Muzaffer
apartmanın kapısından nasıl çıktığını bilemedi. Sokak lambalarının loşluğuna
rağmen apartmana göre daha aydınlık bularak bir anlığına ferahladı. O esnada
karşı apartmanın kapısının önünde Yaren’le Engin’in tartıştığını, Çağıl’ın da
bir kenarda öylesine ayakta dikildiğini gördü. Gözü bir anlığına önünde
dikildiği apartmanın üst katlarına, Varkolakların dairesine takıldı. Ardından
yutkunarak Engin’e doğru yürüdü. Boğazından belli belirsiz, boğuk bir ses
tonuyla çıkan: “Dua!” kelimesi iki sevgilinin tartışmasını sona erdirdi.

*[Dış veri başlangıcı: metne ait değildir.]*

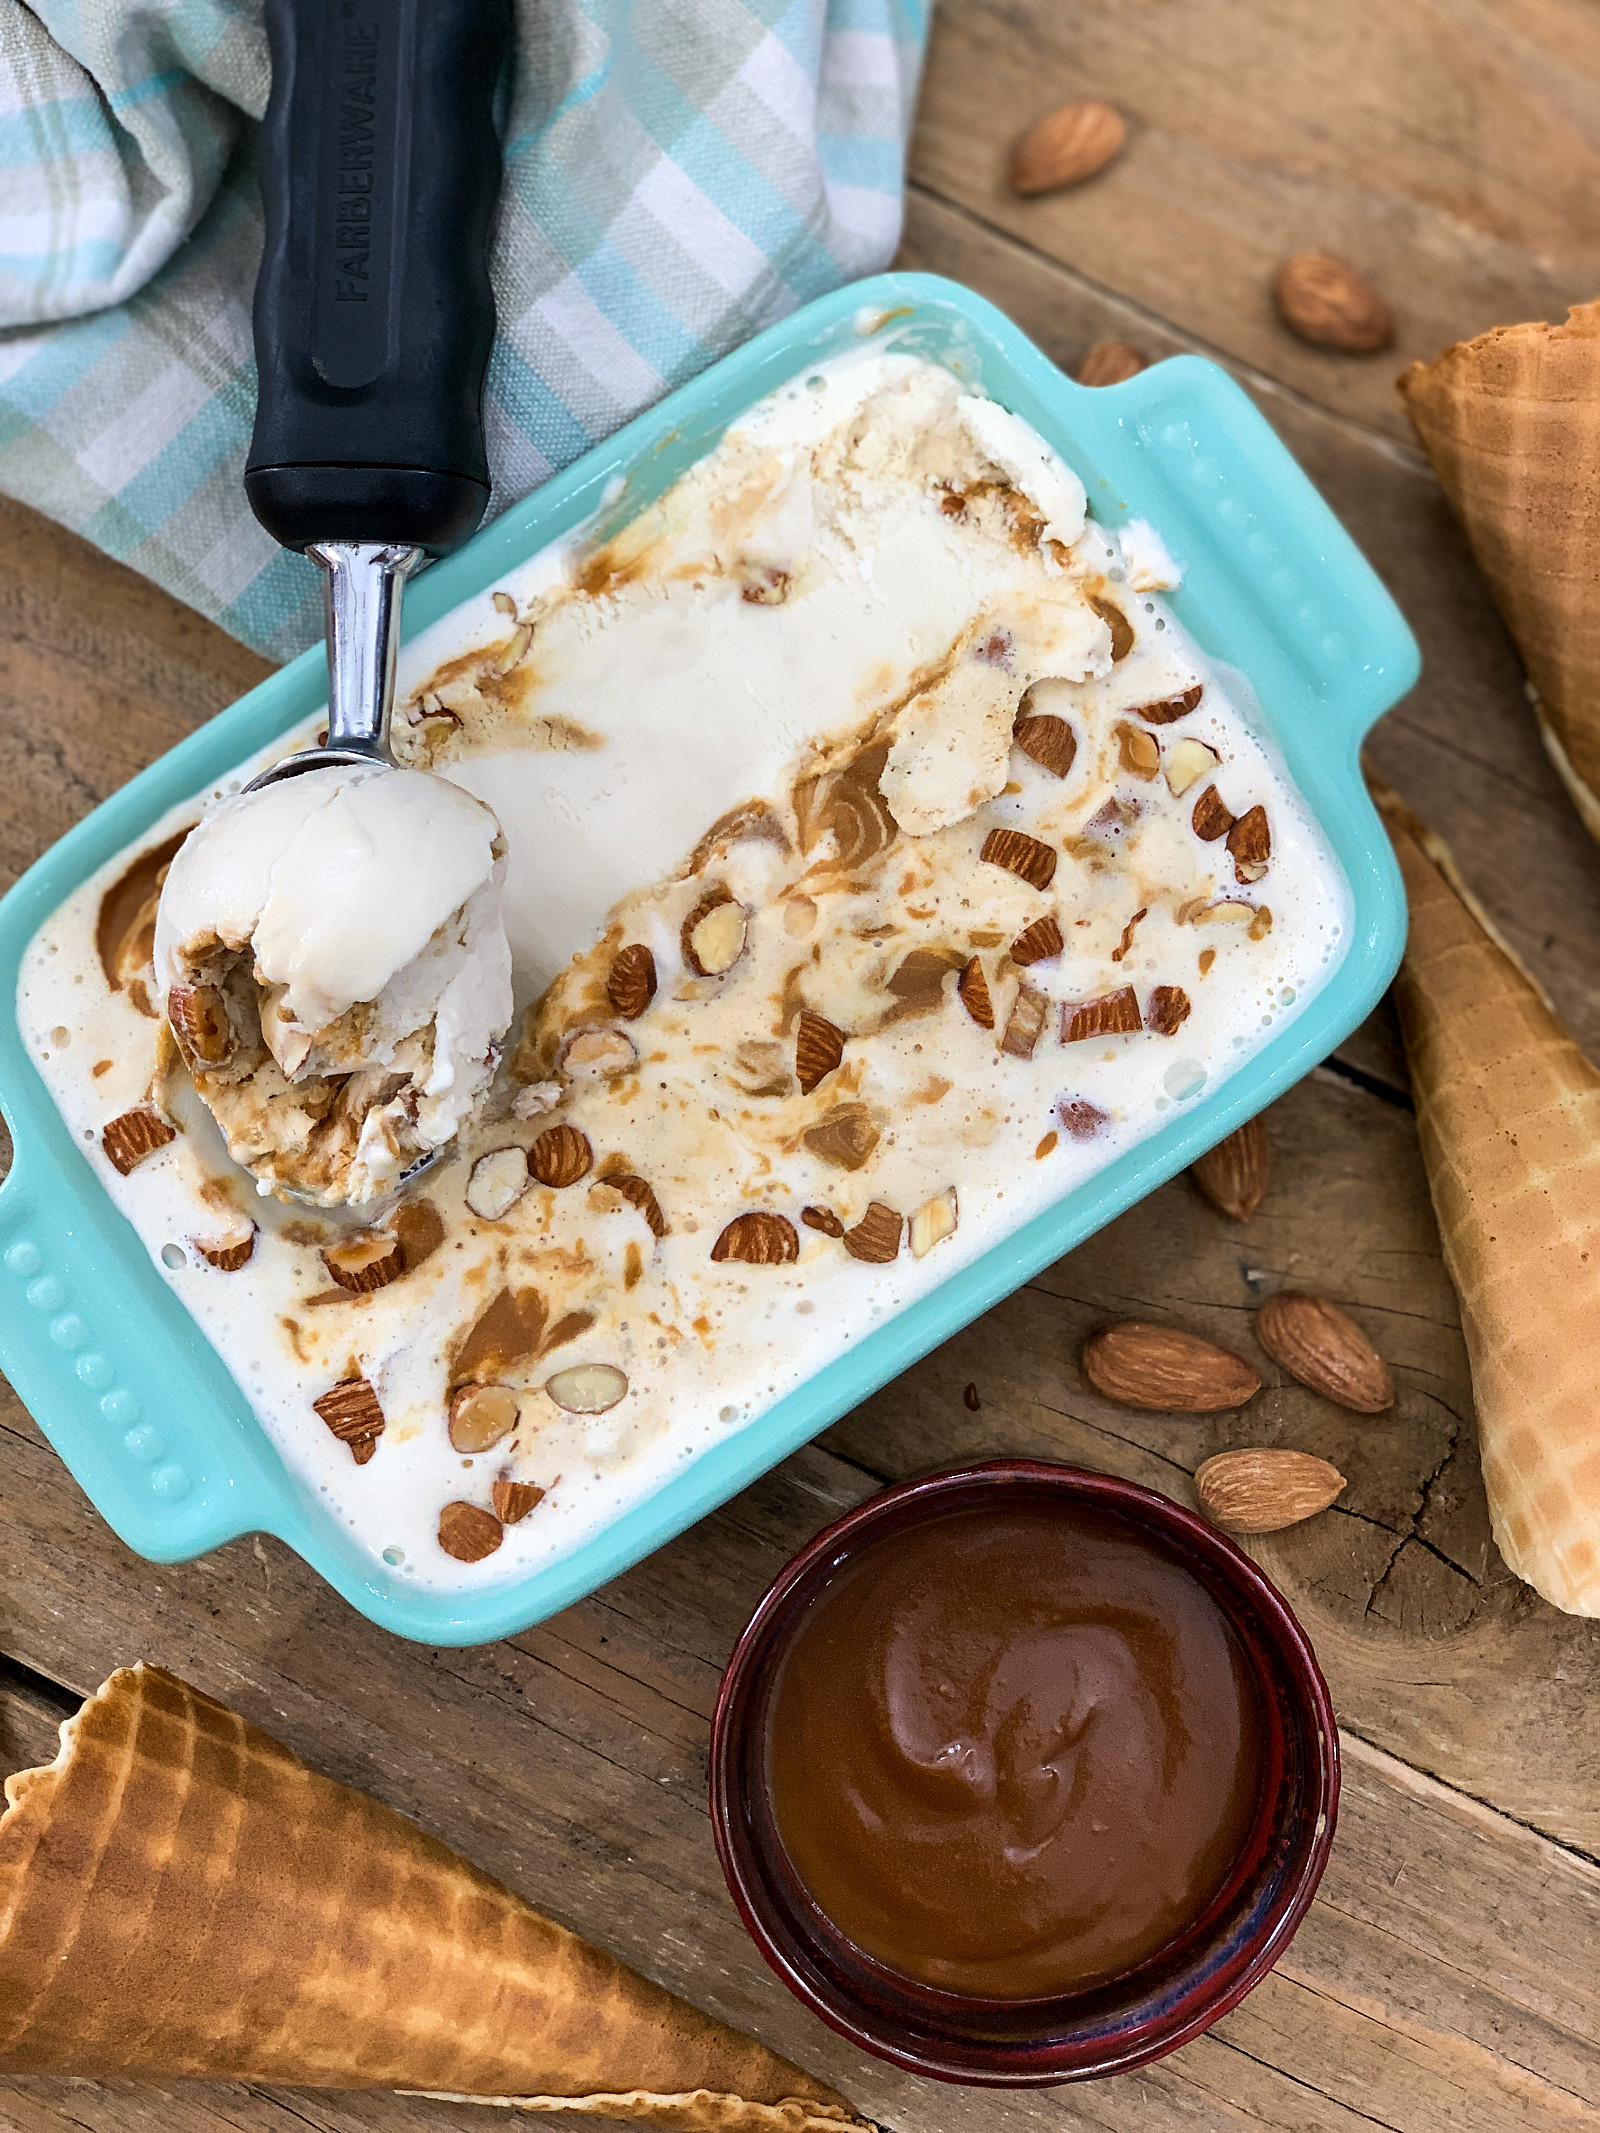 Salted Caramel Ice Cream Recipe With Salted Roasted Almonds

Gençler, Muzaffer’in bu şekilde
çıkışmasına bir anlam verememişti. Engin şaşkınlıkla sordu: “Dua?”
Muzaffer boğazını temizledi: “Evet.
Dua. Maneviyat yani. Bu sana verebileceğim en iyi tavsiye… Tabi hepiniz için.

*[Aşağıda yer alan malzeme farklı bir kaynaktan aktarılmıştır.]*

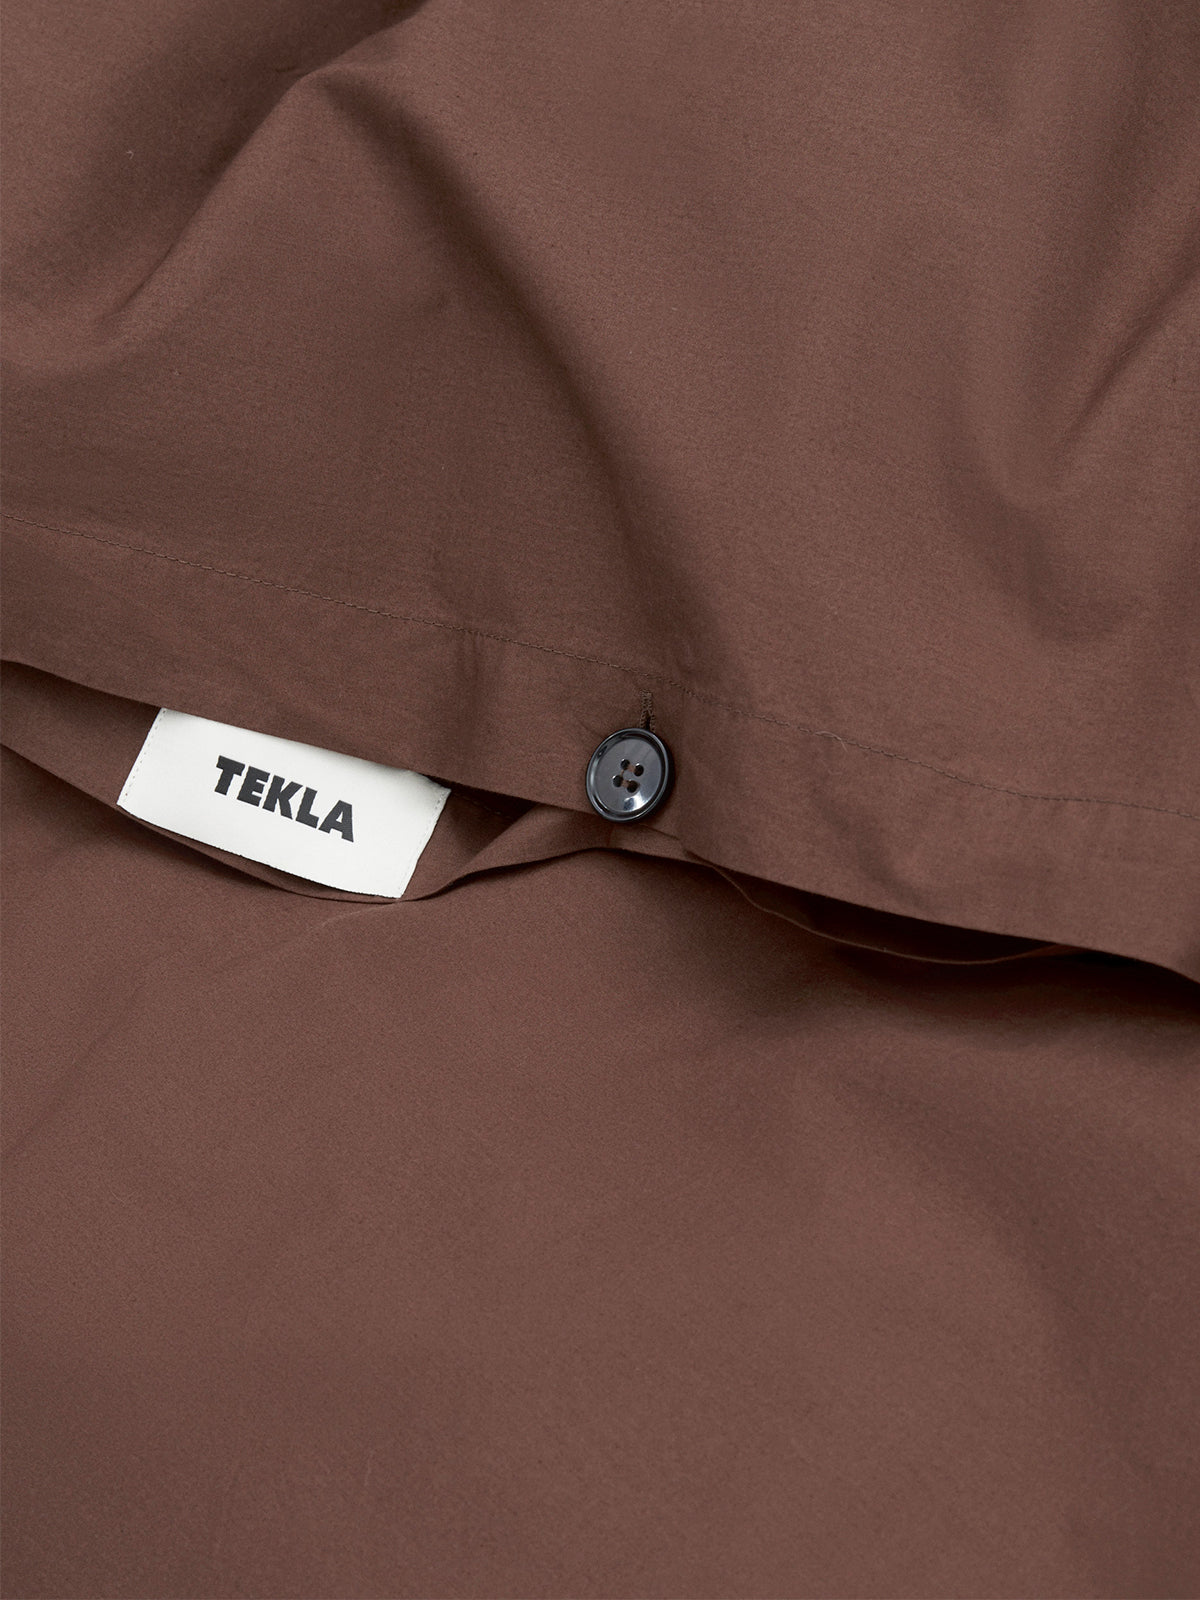 Percale Duvet Cover in Cocoa Brown

Eve geçince yani, birbirinize destek olmak için yapabileceğini en iyi şey.”
Engin: “Muzaffer abi iyi misin?”
Muzaffer zoraki gülümsemeye çalıştı:
“Maneviyat iyidir. Sinirlerini toplamanı, salim kafaya düşünmeni sağlar hem. Bu
arada yanlış anlamazsanız… Abdestiniz falan varsa çok iyi olur…” Dörtlünün
aralarında o an tuhaf bir bakışma yaşandı. Muzaffer, Çağıl’a baktı: “Gerçi sen
hariç. Mutfağa gidip geldin abdest varsa da kalmamıştır sende.”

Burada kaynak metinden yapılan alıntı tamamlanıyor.